PROBLEM DESCRIPTION
Lines from the one with "Baby Shower Bucket" to the end of the material, both included: print them exactly and print nothing else. Omit the pictures.

Segment Start: SUPPLIED INFORMATION

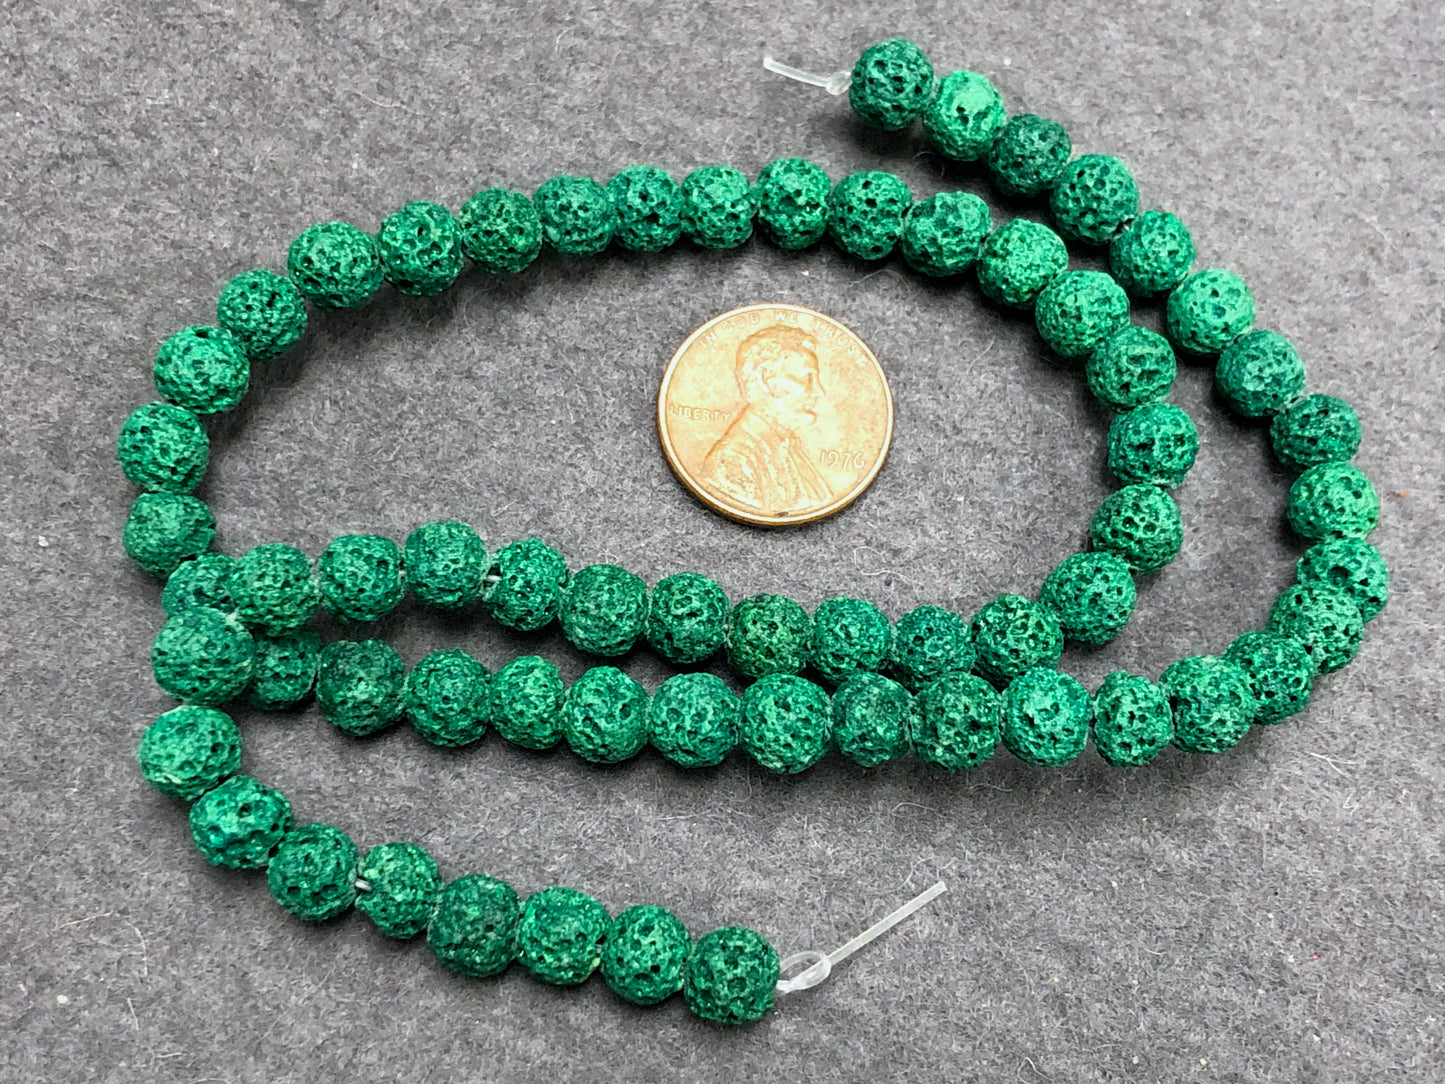 Green (dyed) Lava 6-7mm Round Beads
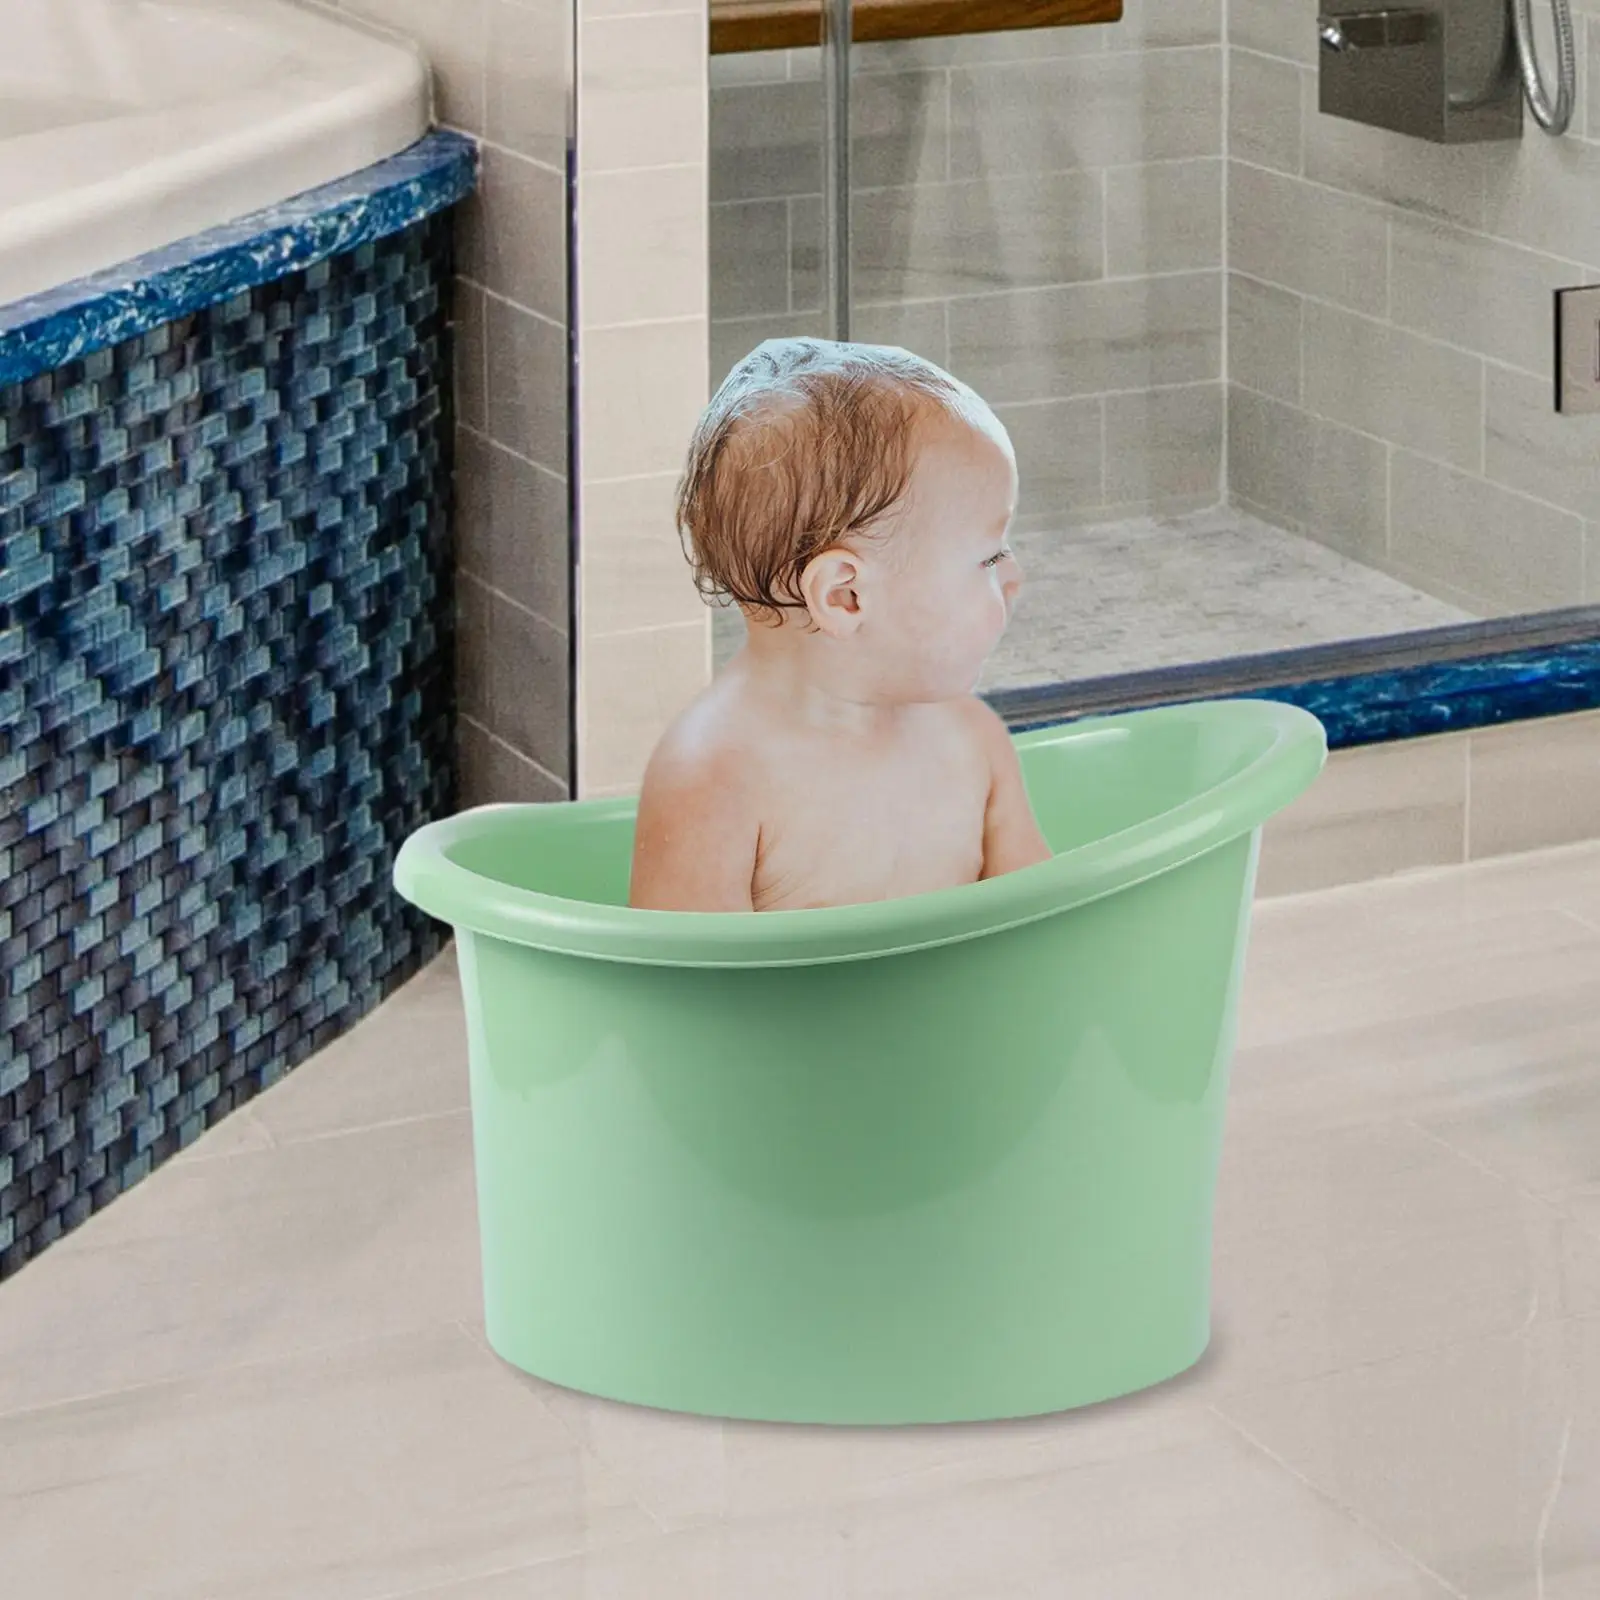 Baby Shower Bucket Tub Sitting up Comfortable Baby Bath Bucket for Ages 0-7 Years Old Boys and Girls Infants Gifts Babies
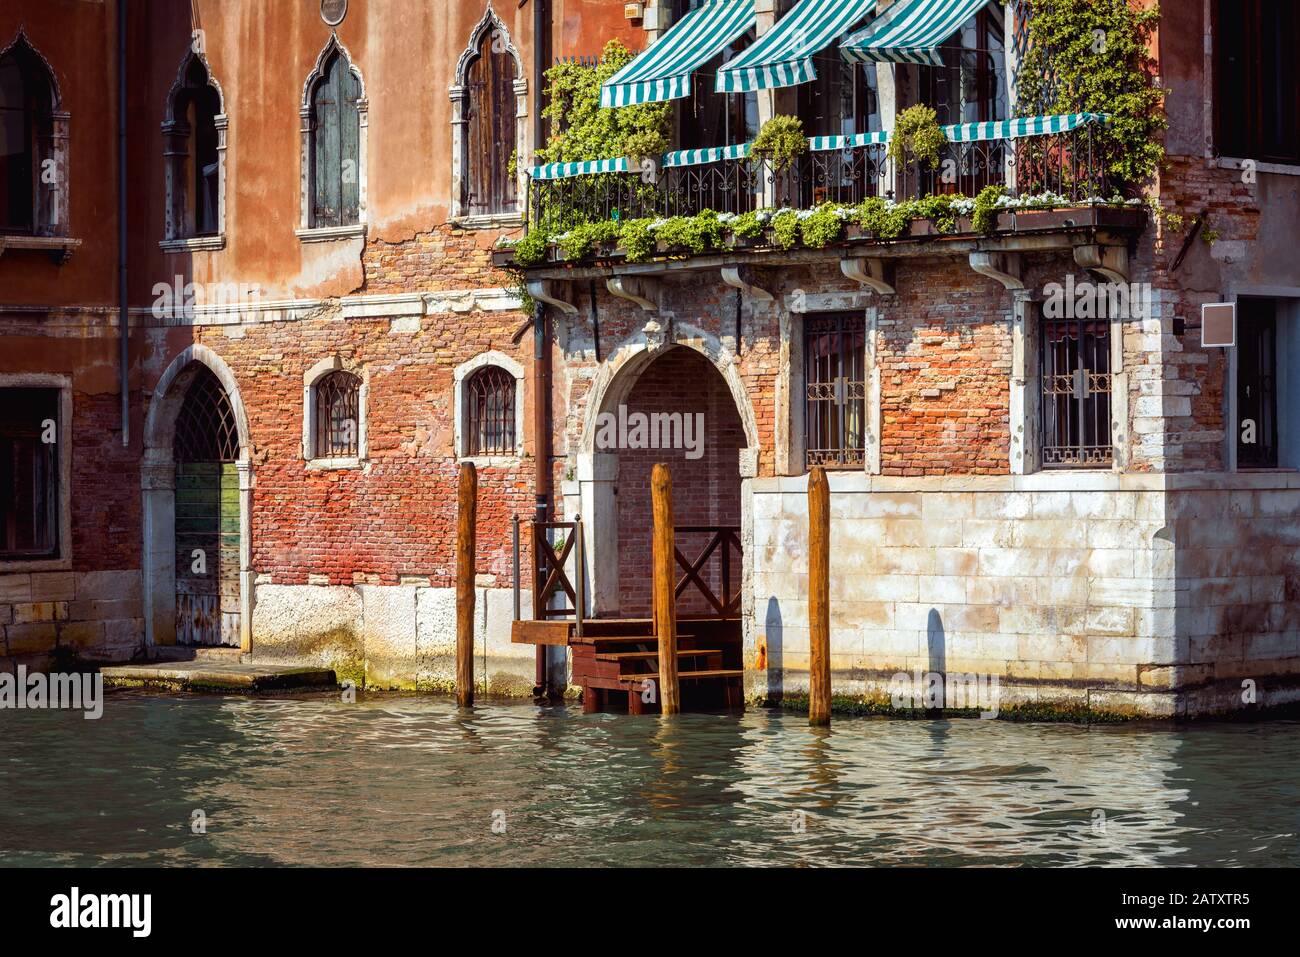 Vintage house, Venice, Italy. Entrance to residential house or hotel by Grand Canal, famous street of Venice. Old building on water, traditional view Stock Photo

Segment End: SUPPLIED INFORMATION

TASK RESULT
 Baby Shower Bucket Tub Sitting up Comfortable Baby Bath Bucket for Ages 0-7 Years Old Boys and Girls Infants Gifts Babies
 Vintage house, Venice, Italy. Entrance to residential house or hotel by Grand Canal, famous street of Venice. Old building on water, traditional view Stock Photo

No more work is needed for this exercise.